Work to be completed:
Write out every record below exactly, leaving the pictures out.
START Data for review
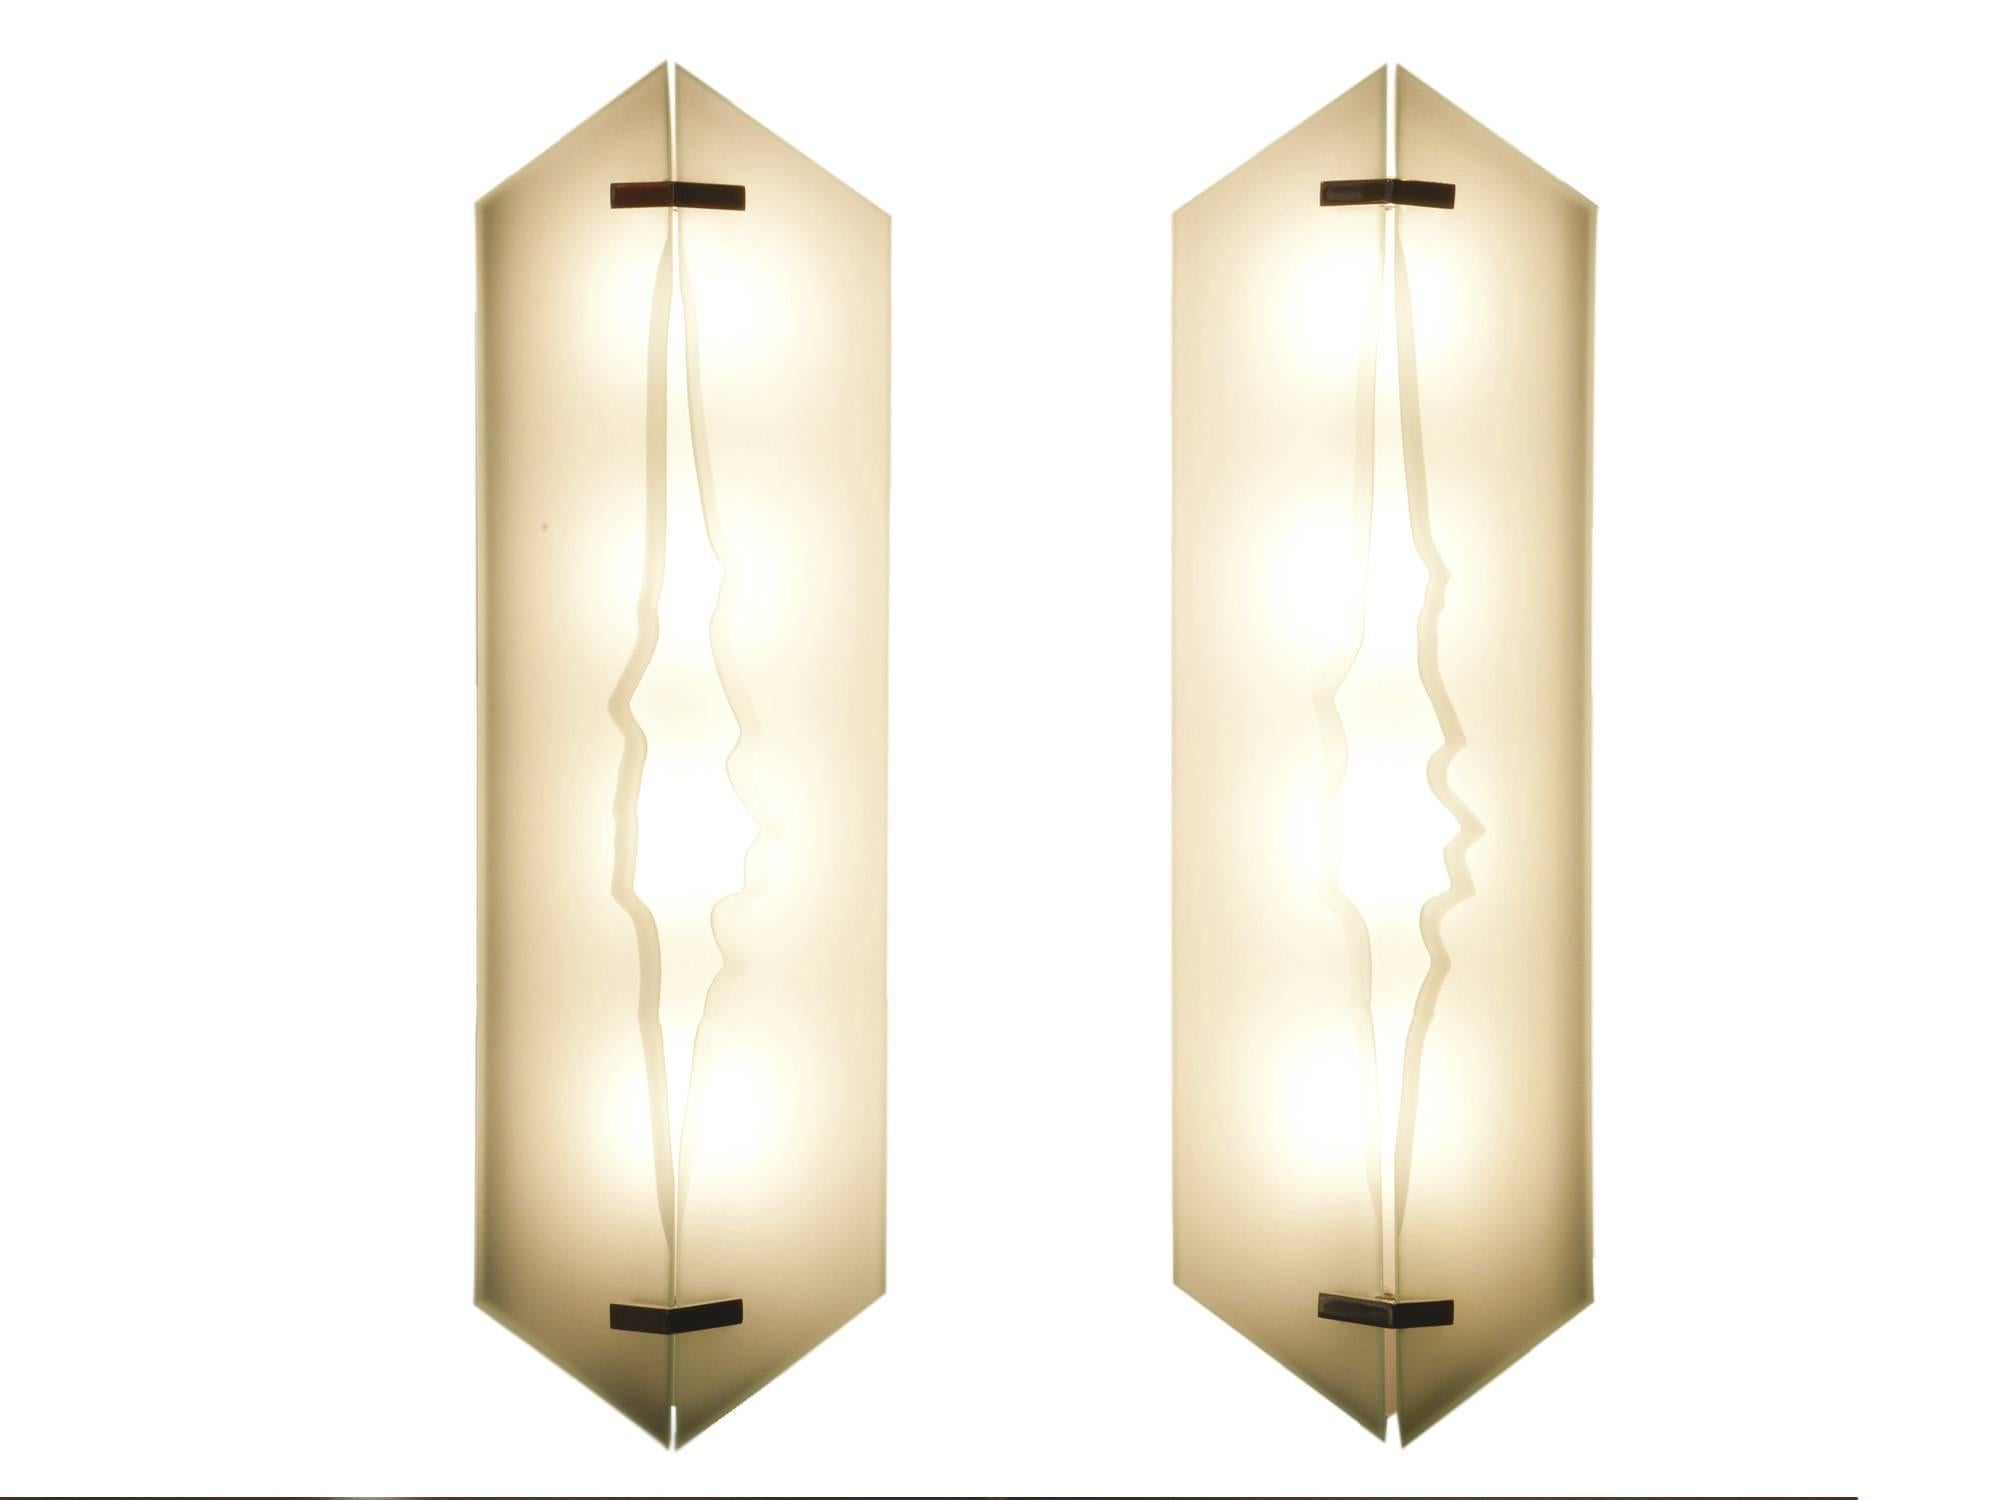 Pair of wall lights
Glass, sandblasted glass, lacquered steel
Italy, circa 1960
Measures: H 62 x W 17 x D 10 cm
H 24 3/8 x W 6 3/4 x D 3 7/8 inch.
END Data for review
Problem solution:
 Pair of wall lights
Glass, sandblasted glass, lacquered steel
Italy, circa 1960
Measures: H 62 x W 17 x D 10 cm
H 24 3/8 x W 6 3/4 x D 3 7/8 inch.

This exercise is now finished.